* _GIVEN DATA_:
::::

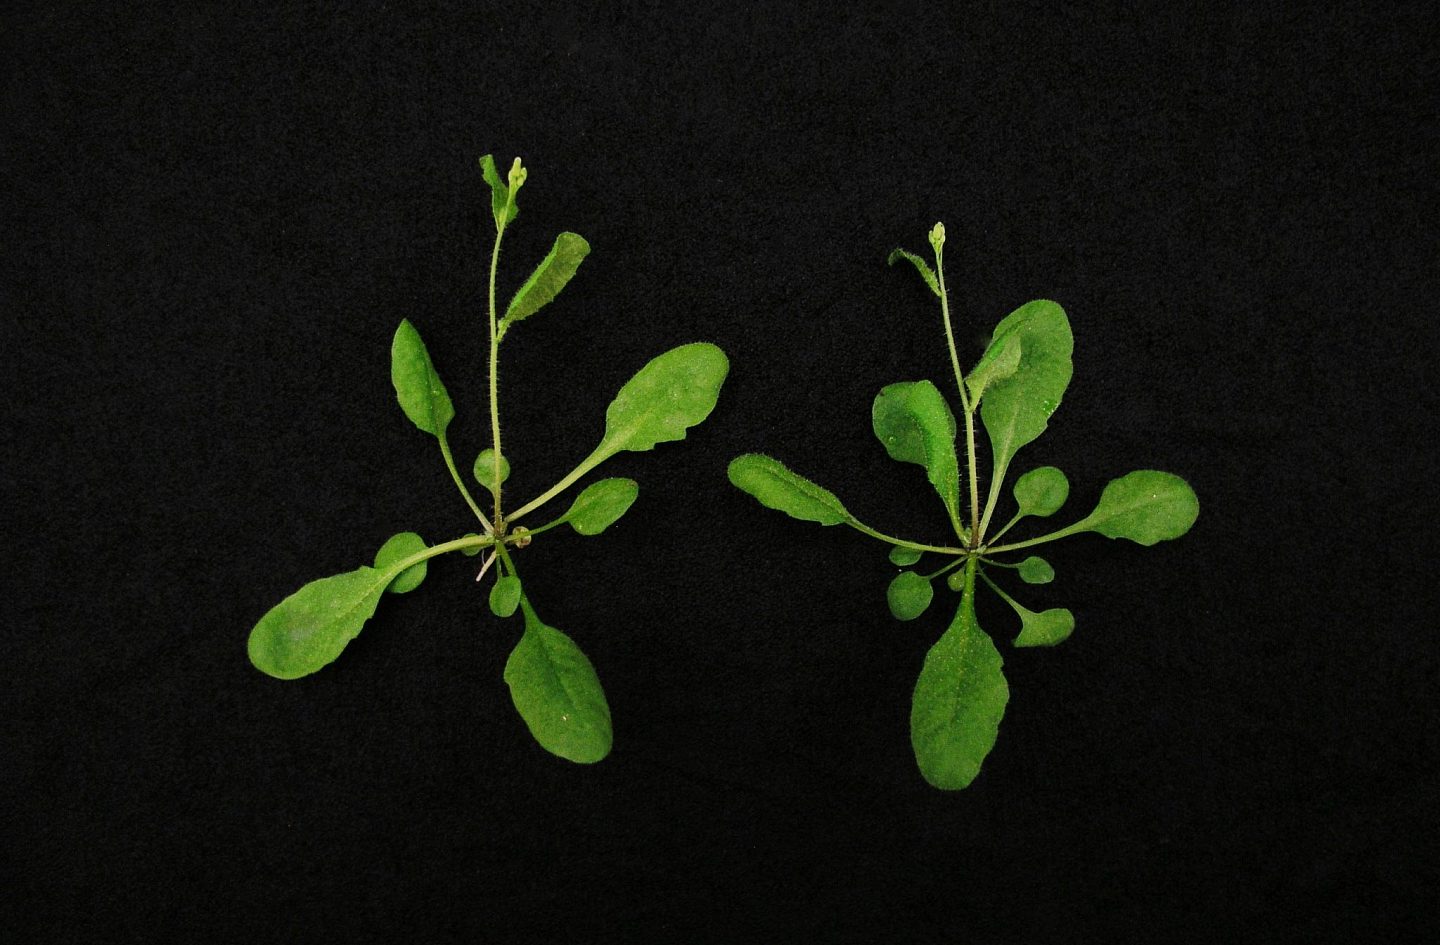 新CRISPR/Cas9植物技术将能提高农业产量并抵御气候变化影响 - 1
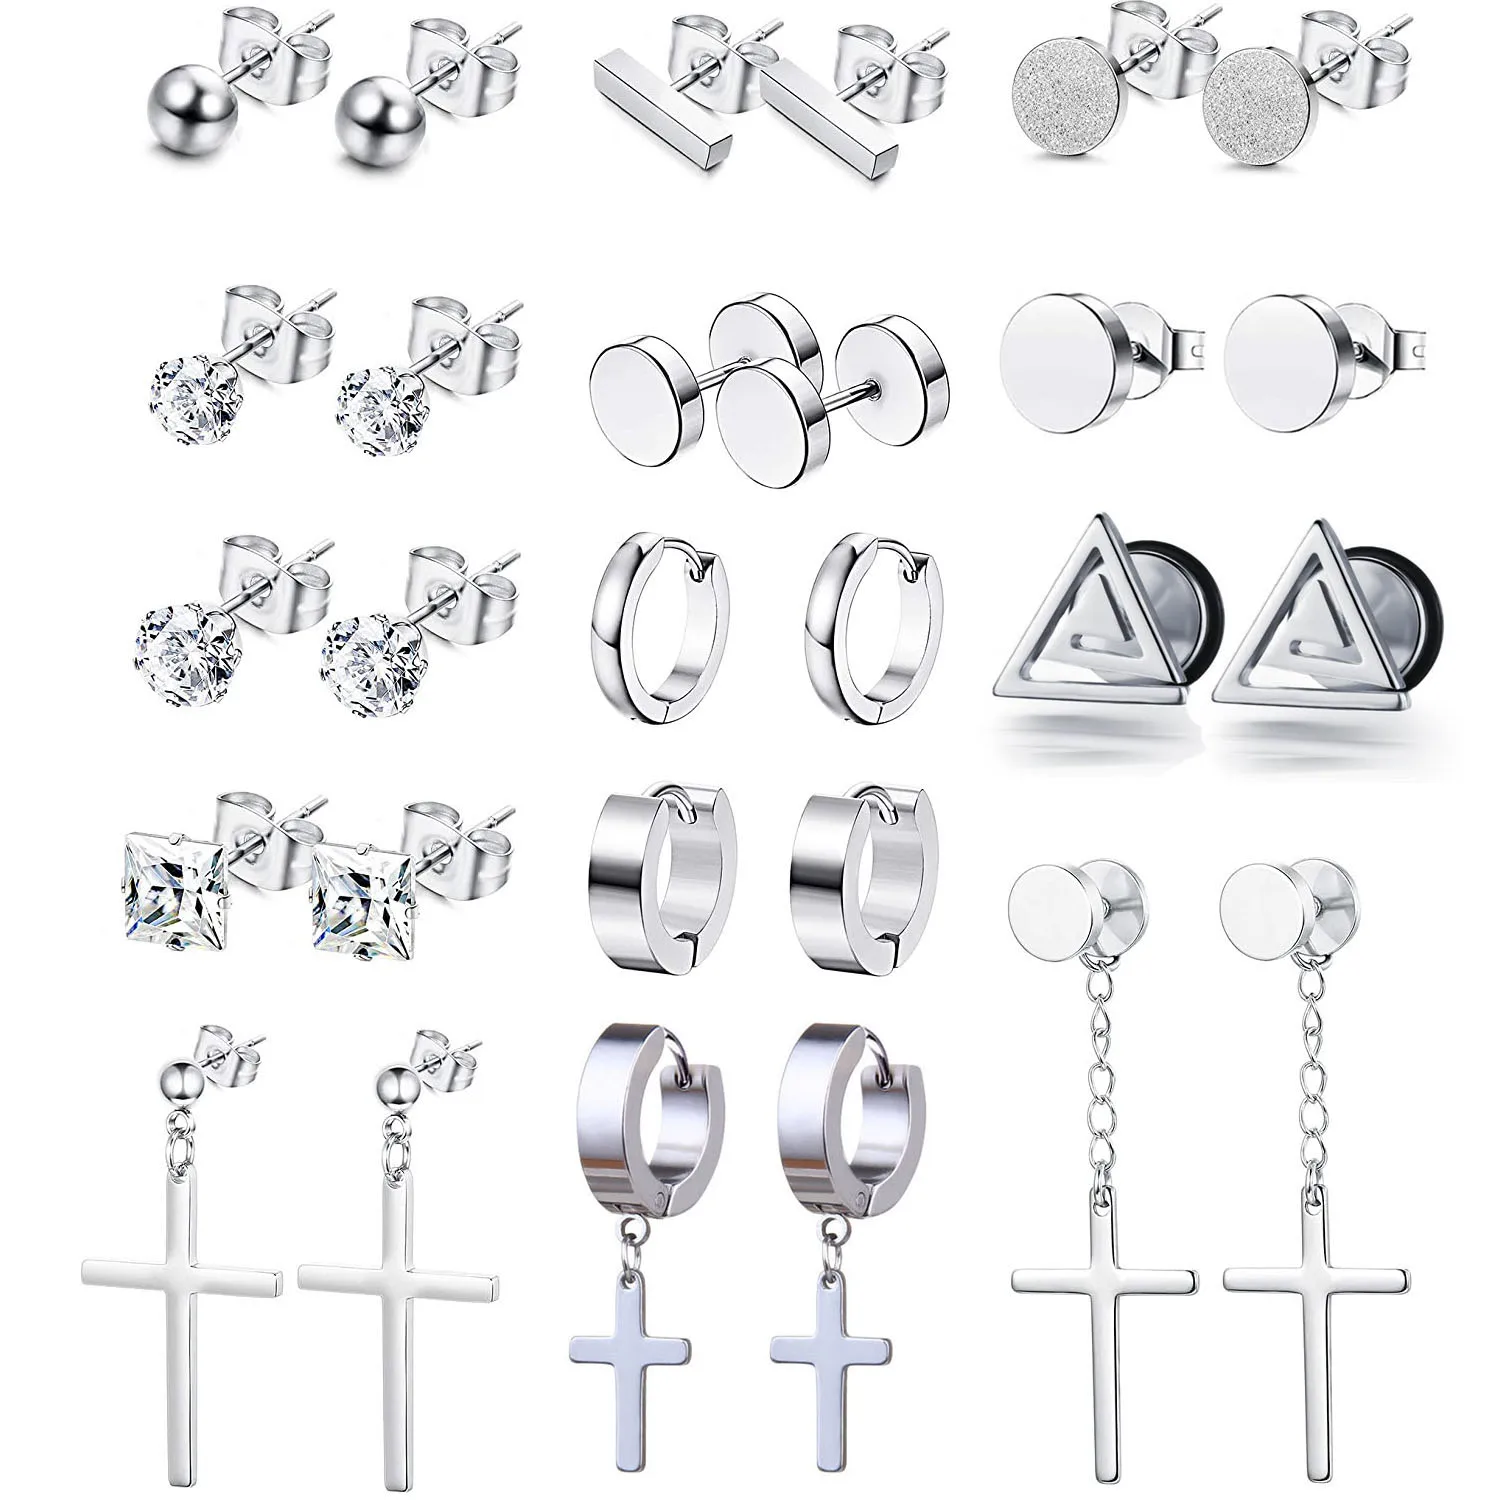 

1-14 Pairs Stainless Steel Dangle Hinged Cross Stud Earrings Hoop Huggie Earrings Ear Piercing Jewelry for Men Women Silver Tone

::::

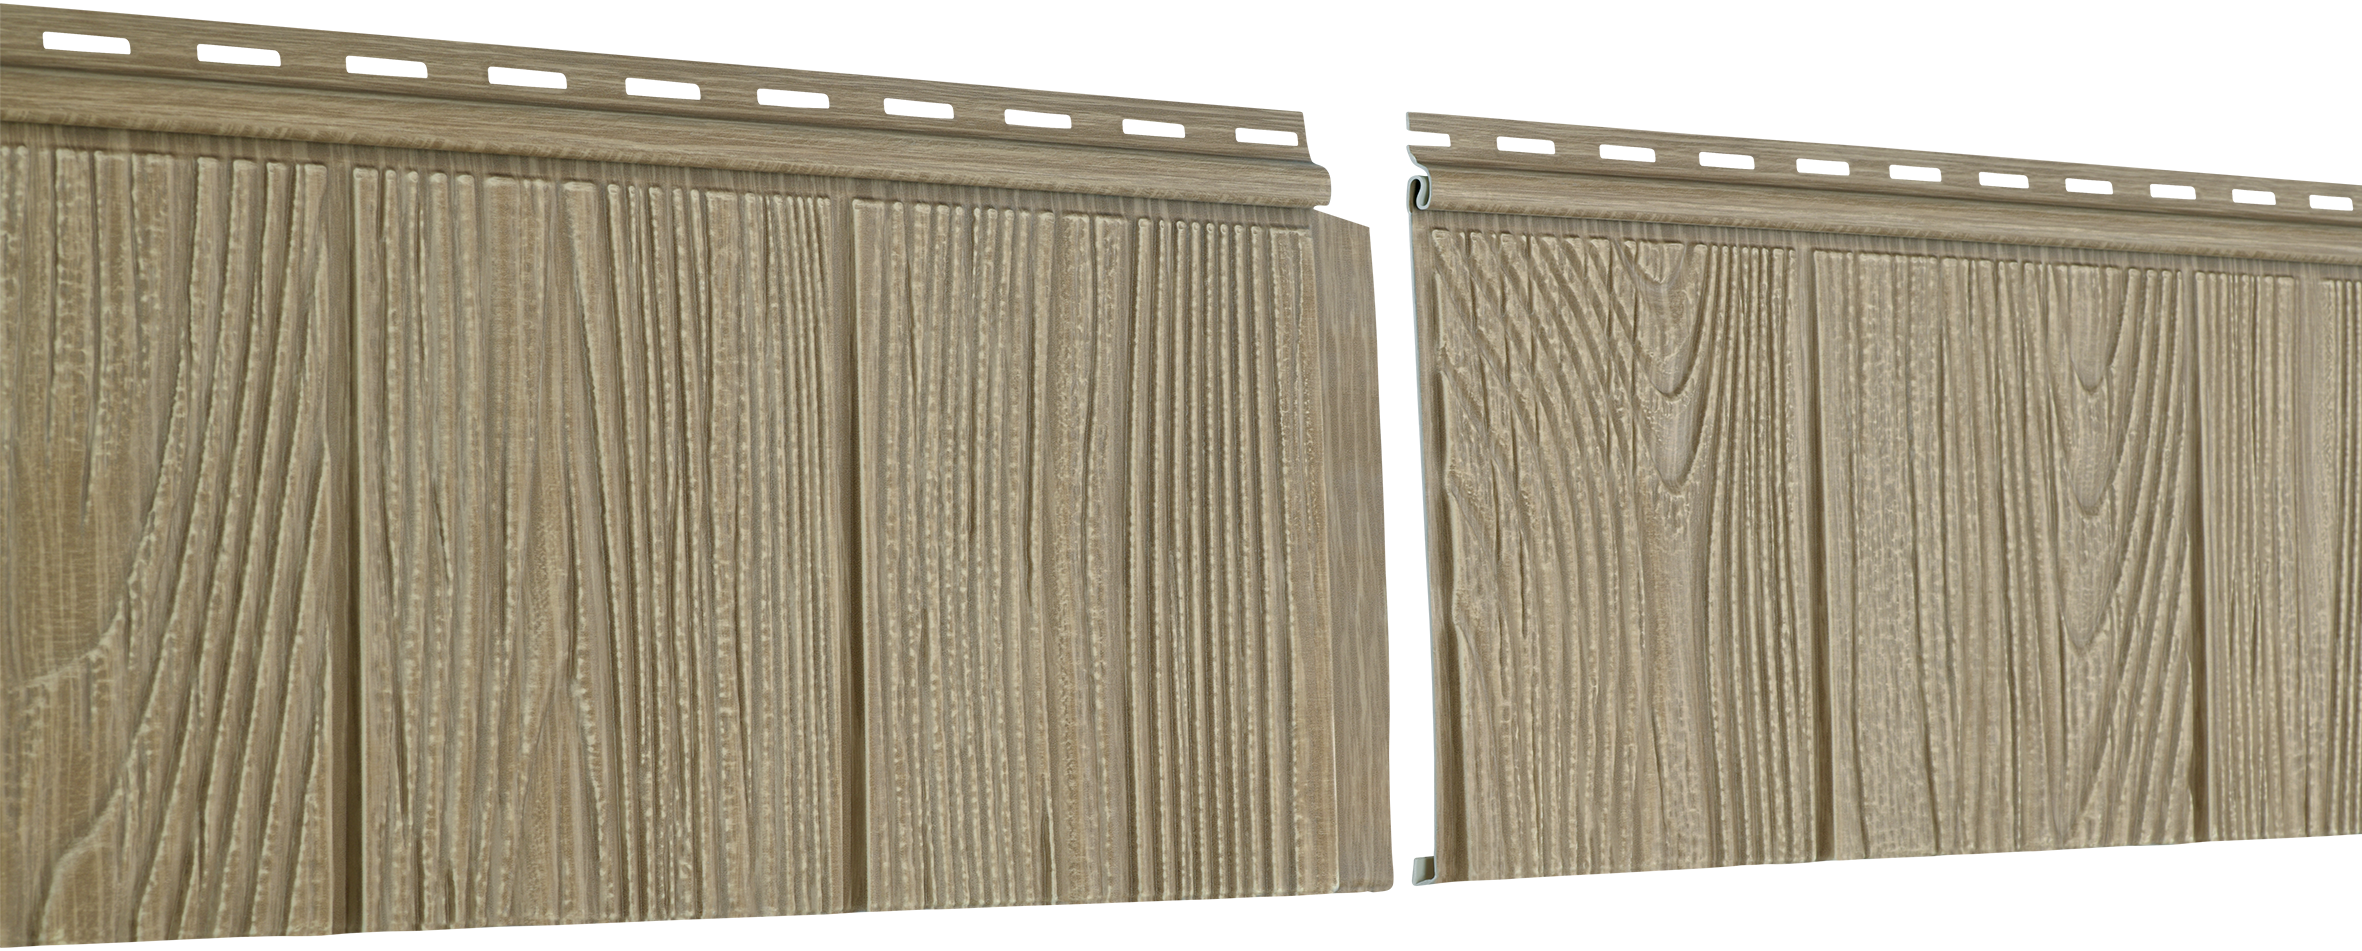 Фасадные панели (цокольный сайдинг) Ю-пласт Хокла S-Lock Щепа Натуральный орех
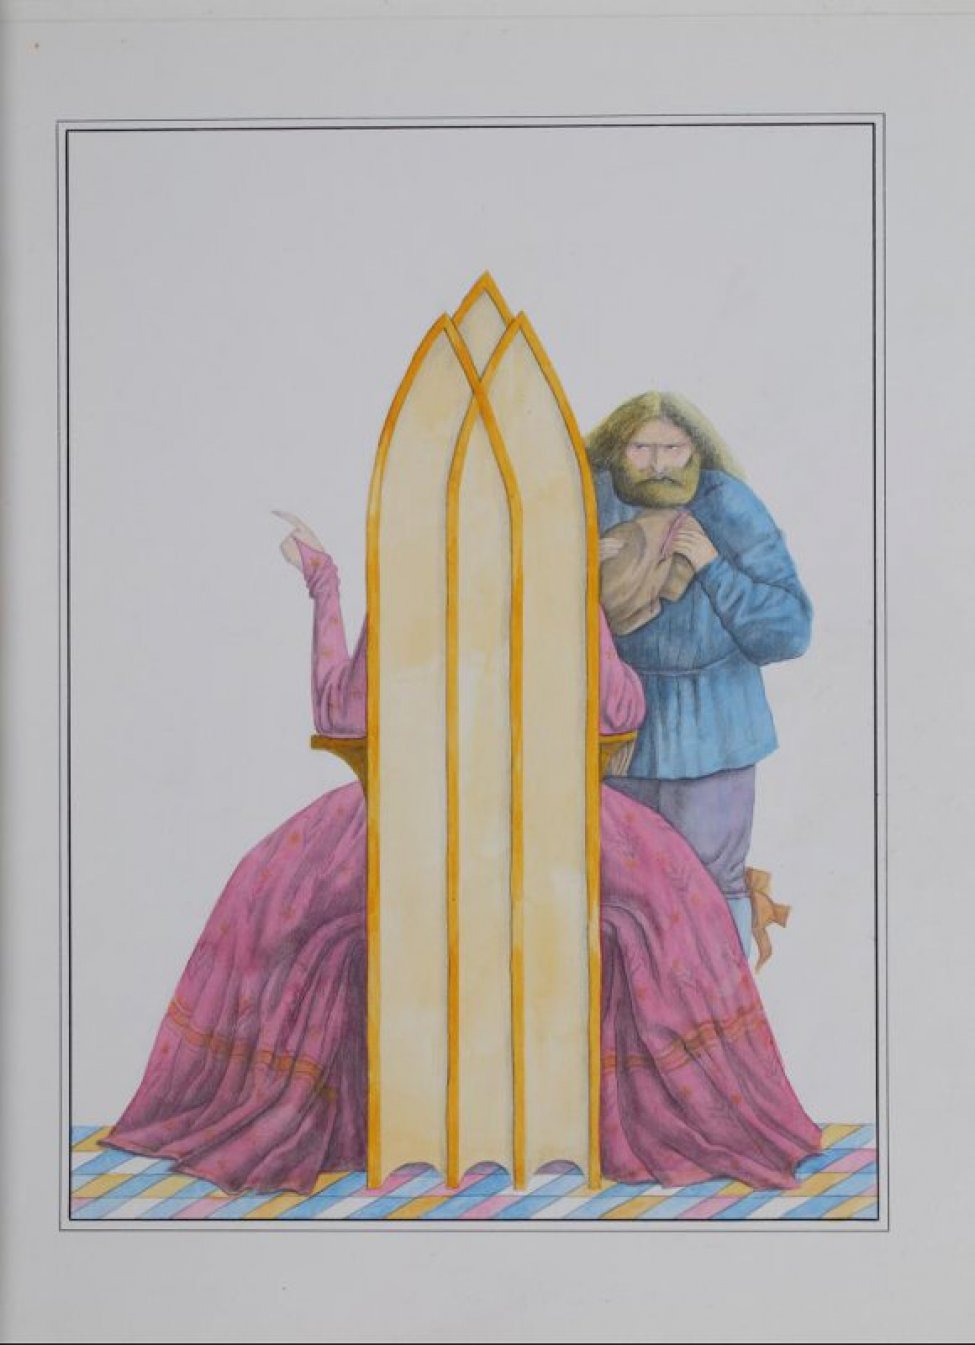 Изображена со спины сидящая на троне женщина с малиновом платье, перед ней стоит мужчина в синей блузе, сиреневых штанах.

::::

* _WHAT THE TASK REQUIRES_: Copy nothing but the lines above that run from the one with "新CRISPR/Cas9植物技术将能提高农业产量并抵御气候变化影响 - 1" to the one with "1-14 Pairs Stainless", ends included; pictures stay out.

* _COMPLETED EXERCISE_:
 新CRISPR/Cas9植物技术将能提高农业产量并抵御气候变化影响 - 1

1-14 Pairs Stainless Steel Dangle Hinged Cross Stud Earrings Hoop Huggie Earrings Ear Piercing Jewelry for Men Women Silver Tone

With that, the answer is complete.